Partial or medium shade

Direct sun rays are blocked from an area for most of the day, but receive some direct sun early or late in the day. Bight, north-facing exposure my also be classified as medium or partial shade.

 

Plants and Prep for Shady Gardens

When gardening in the shade you have an array of flowering annuals, perennials, bulbs, sages, and woodland plants to choose from. In light shade you might even be able to grow a few herbs or leafy vegetables. . Some examples of shade-tolerant vegetables include: arugula, chard, bok choy, lettuce, carrots, parsnips, beets, peas, spinach. Also, herbs such as thyme, lemon balm, parsley, marjoram, oregano, mint, etc.


Although partially or lightly shaded areas receive direct sunlight for only a small portion of the day, light intensity is still quite bright. There are numerous plant choices you can make in these locations, though by no means as many as are possible with five or more hours of direct, full sunlight.


Light is not the only major concern when gardening in shady areas. Frequently, inadequate moisture can be a problem. The thick canopy of a large tree or the overhang of a house will act as an umbrella, deflecting rainfall away from the ground directly beneath it. Worse yet, trees and shrubs will compete with smaller plants for every drop of moisture that reaches the ground. It is vital that plants growing in the shade of large trees and shrubs, or sheltered by your home or garage, be watered regularly even during times of seemingly adequate rainfall.

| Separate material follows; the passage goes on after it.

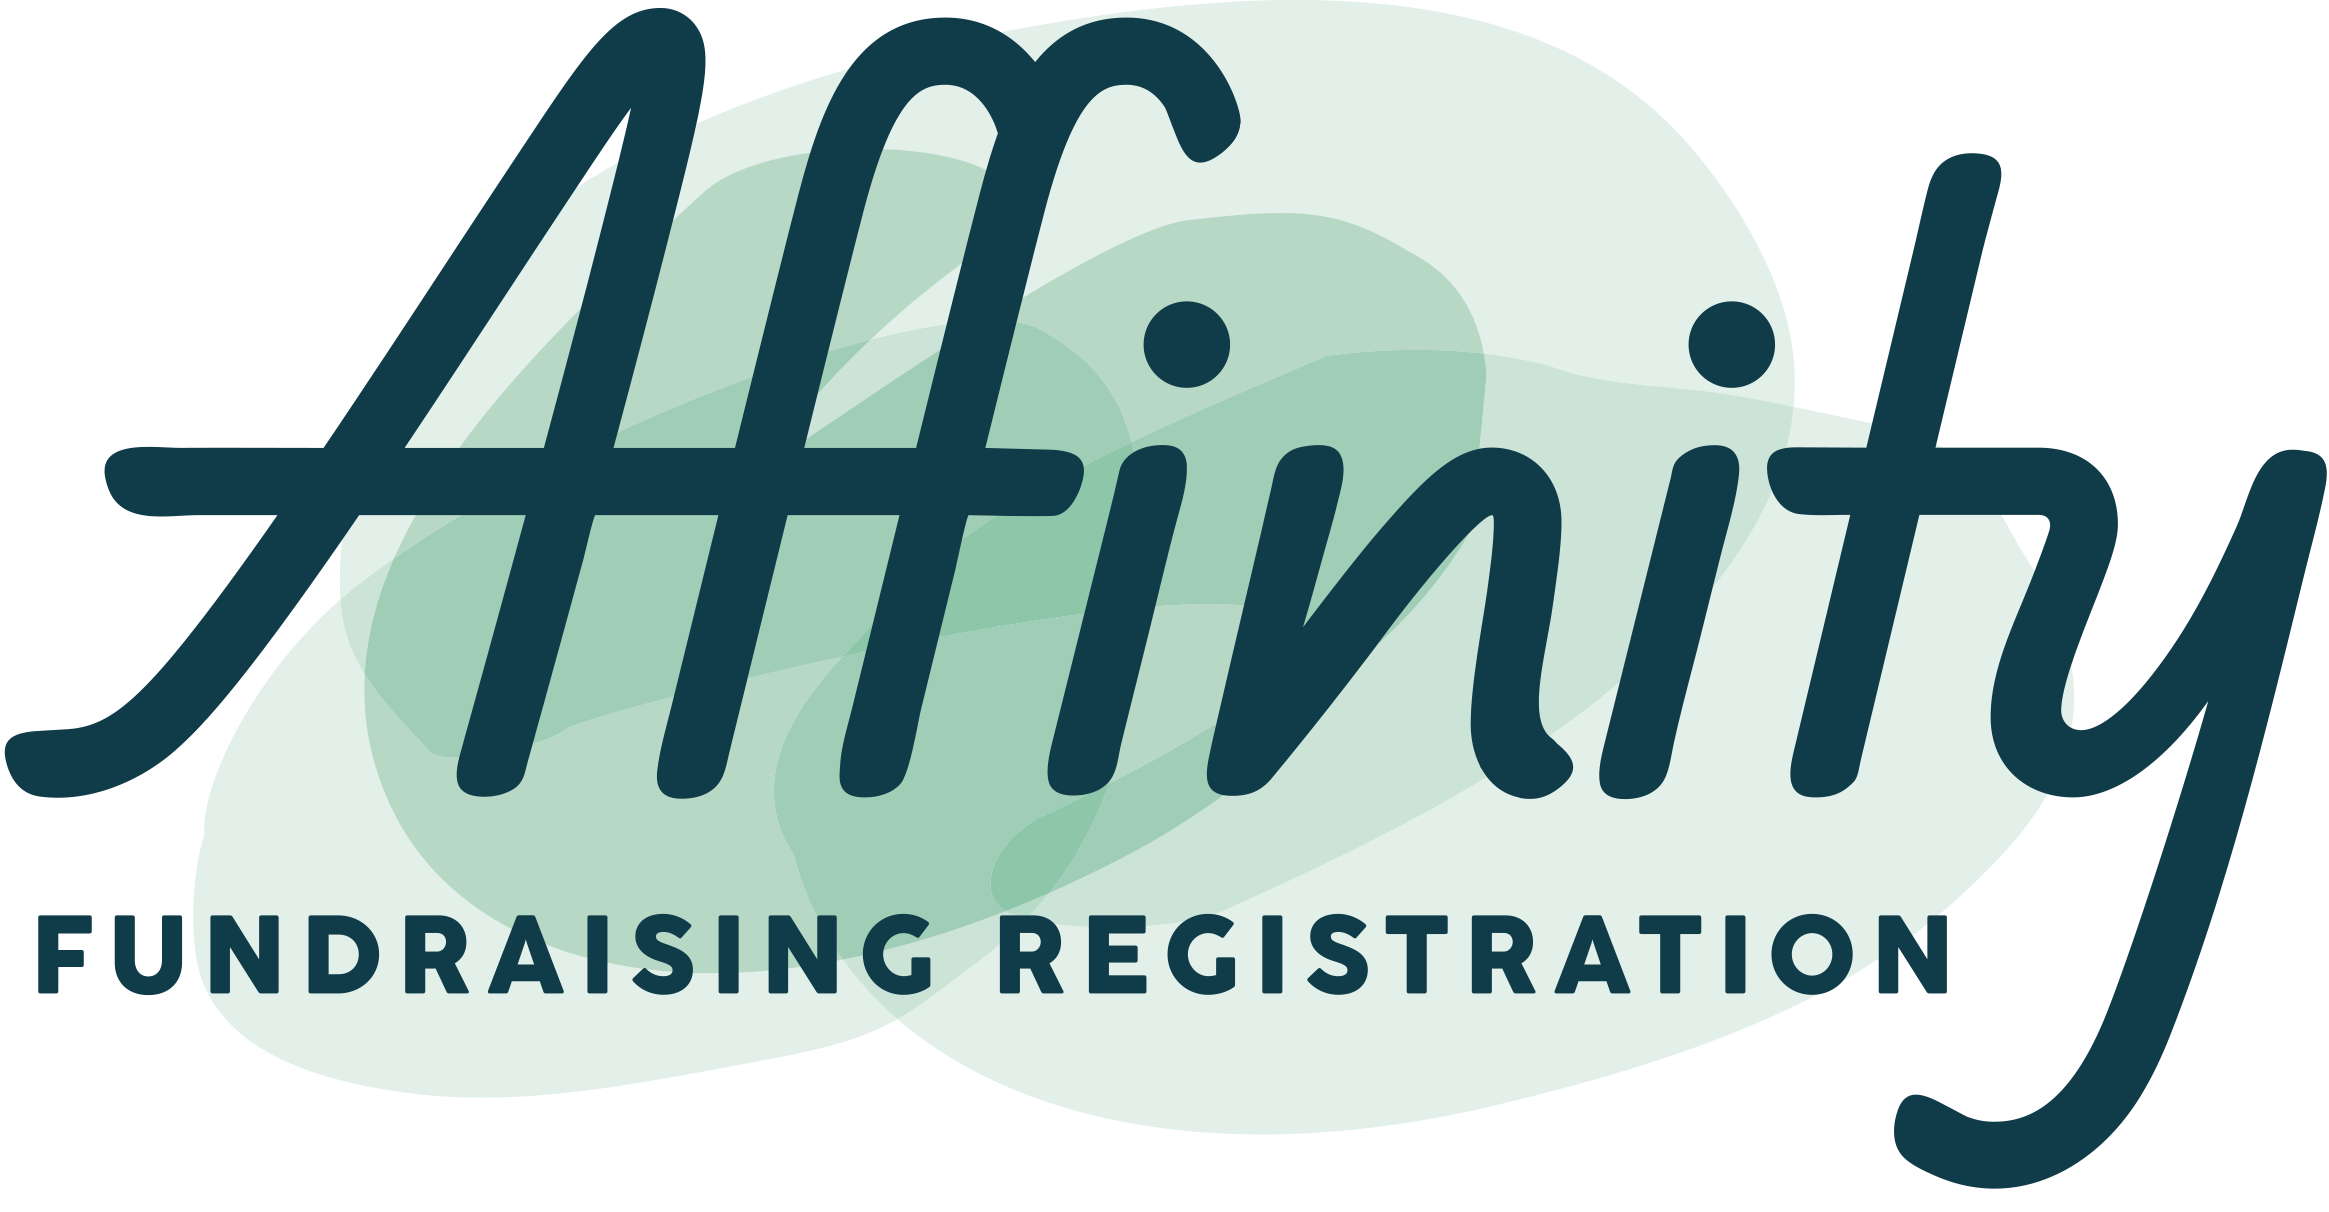 Affinity Fundraising Registration logo

Soil fertility also can be a source of trouble. Trees and shrubs fill the soil with feeder roots that greedily use up nutrients as readily as they are applied. It often seems that the more you water and fertilize the more roots with which you have to contend. Yet adequate fertility is an absolute must for all your plants because without it they are bound to be small and their growth will be weak. In most cases a spring application of a balanced fertilizer, followed by one or two applications as the season progresses, will help your shade plants survive the competition of tree and shrub roots. If root competition is a serious problem, planting in containers above ground is a viable alternative. Containers should be replanted each spring with annuals, since bulbs or perennials cannot be expected to survive winter's cold.
With few exceptions shade-tolerant plants will do best in well-drained, relatively fertile soil. Both sandy soils and heavy, clay like soils will benefit from the incorporation of organic matter such as peat moss, compost, or well-rotted manure.